══ RAW DATA ══

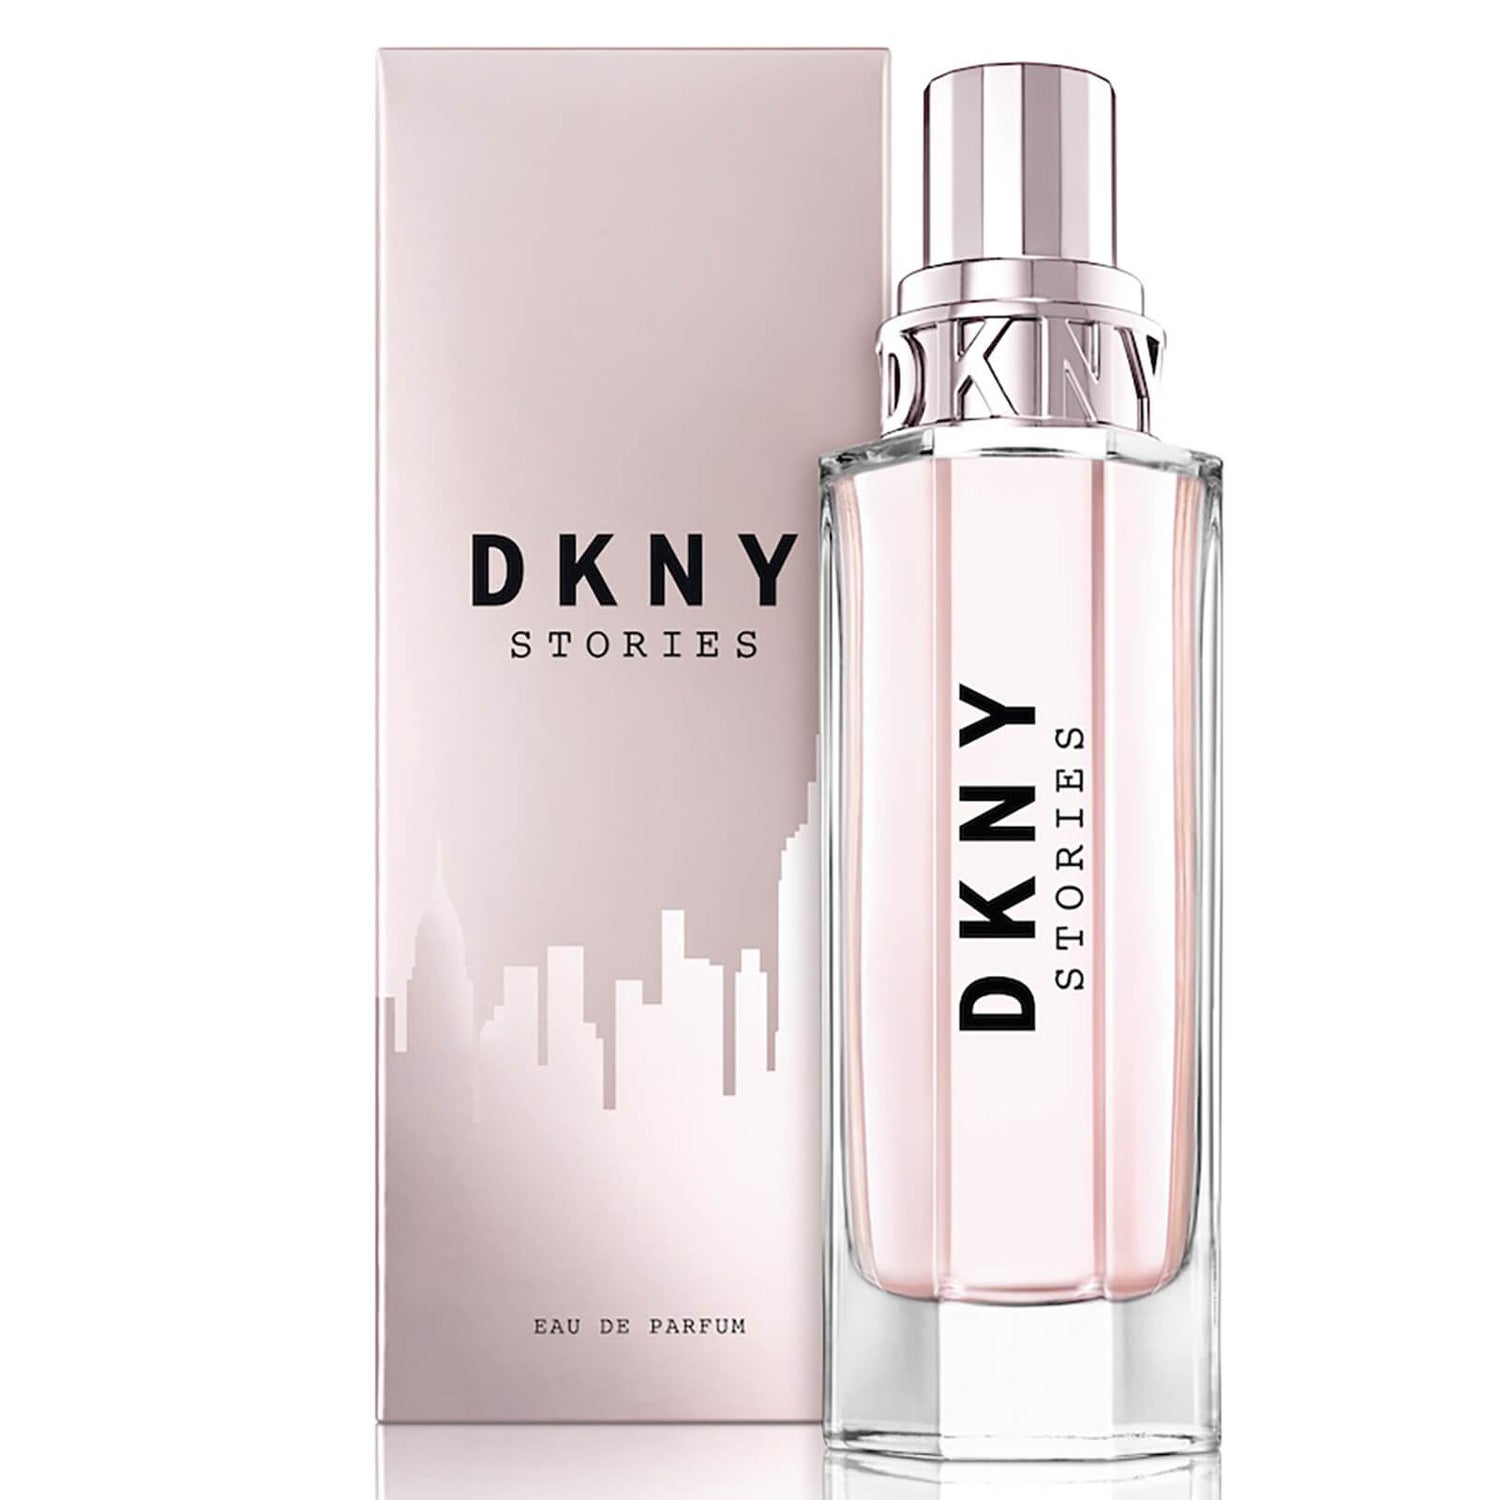 DKNY Stories Eau de Parfum 100ml
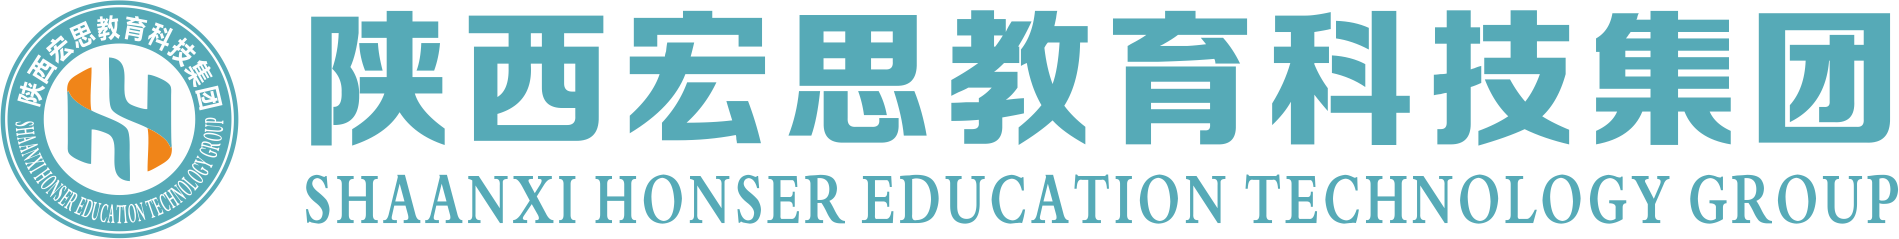 陕西宏思教育科技集团
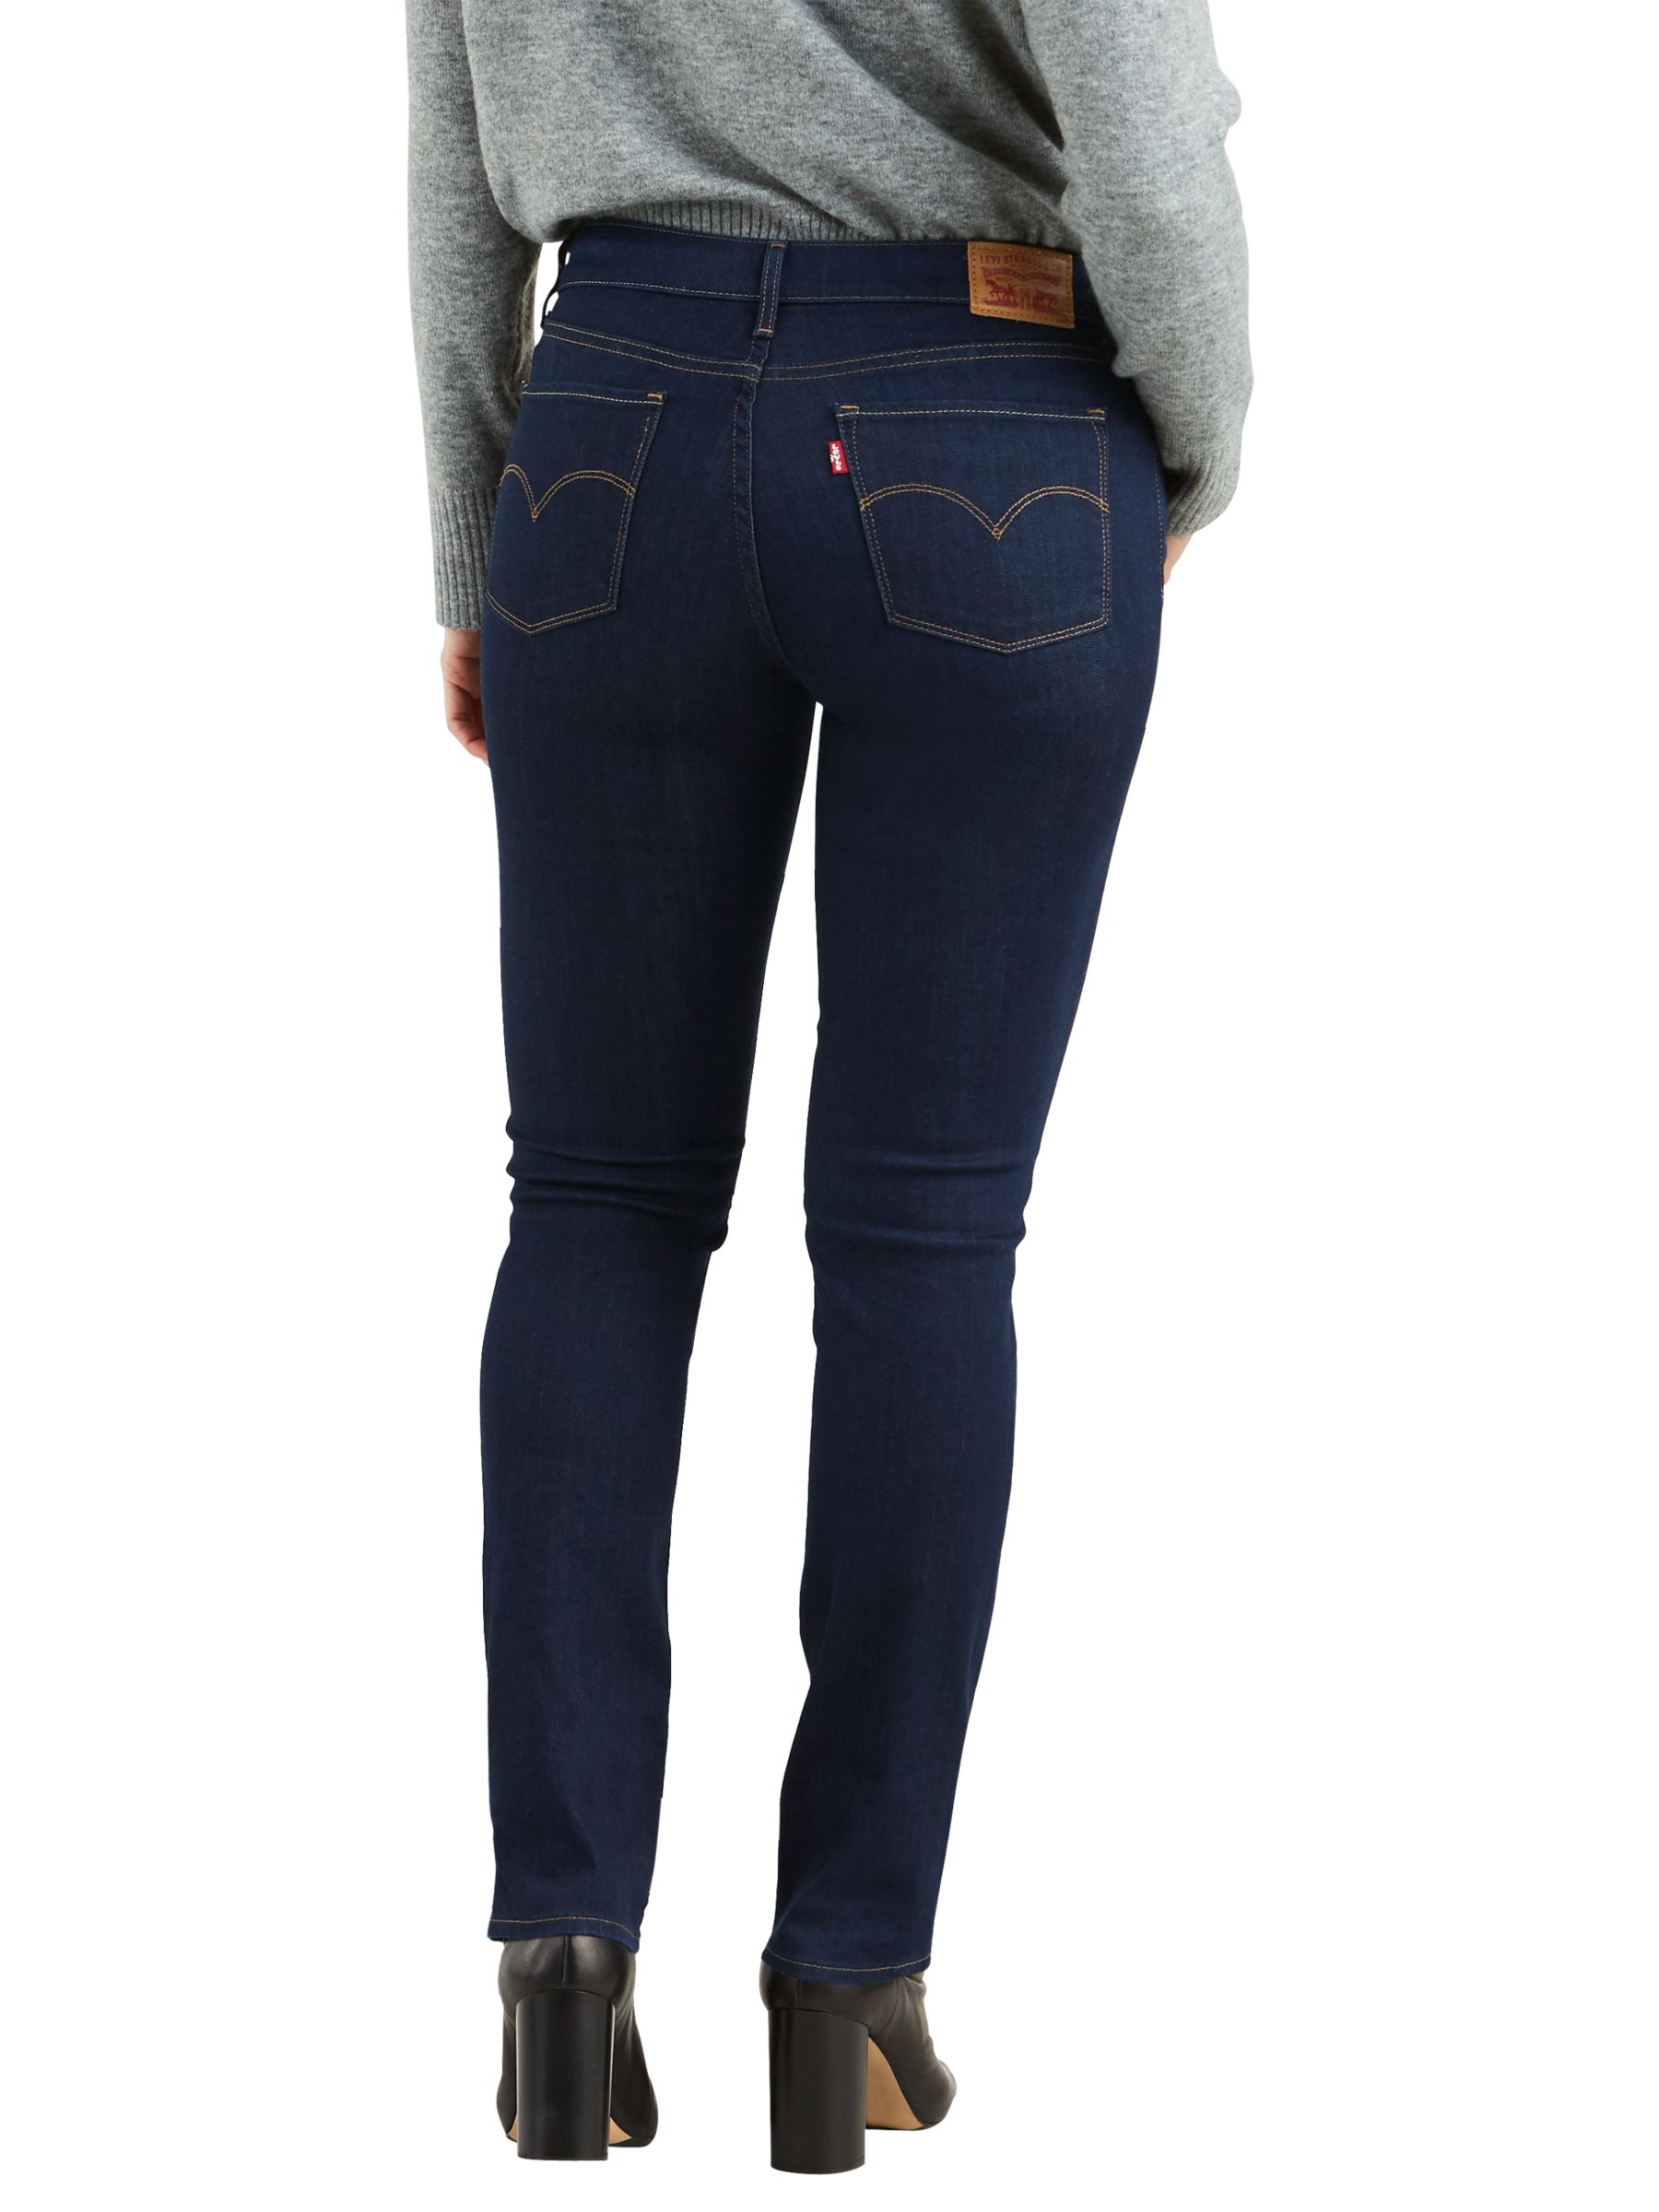 levi's 712 women's slim fit jeans

═══

Every line above should be printed again word for word, without its pictures.

## RESULT FOR THIS TASK
 DKNY Stories Eau de Parfum 100ml
 陕西宏思教育科技集团
 levi's 712 women's slim fit jeans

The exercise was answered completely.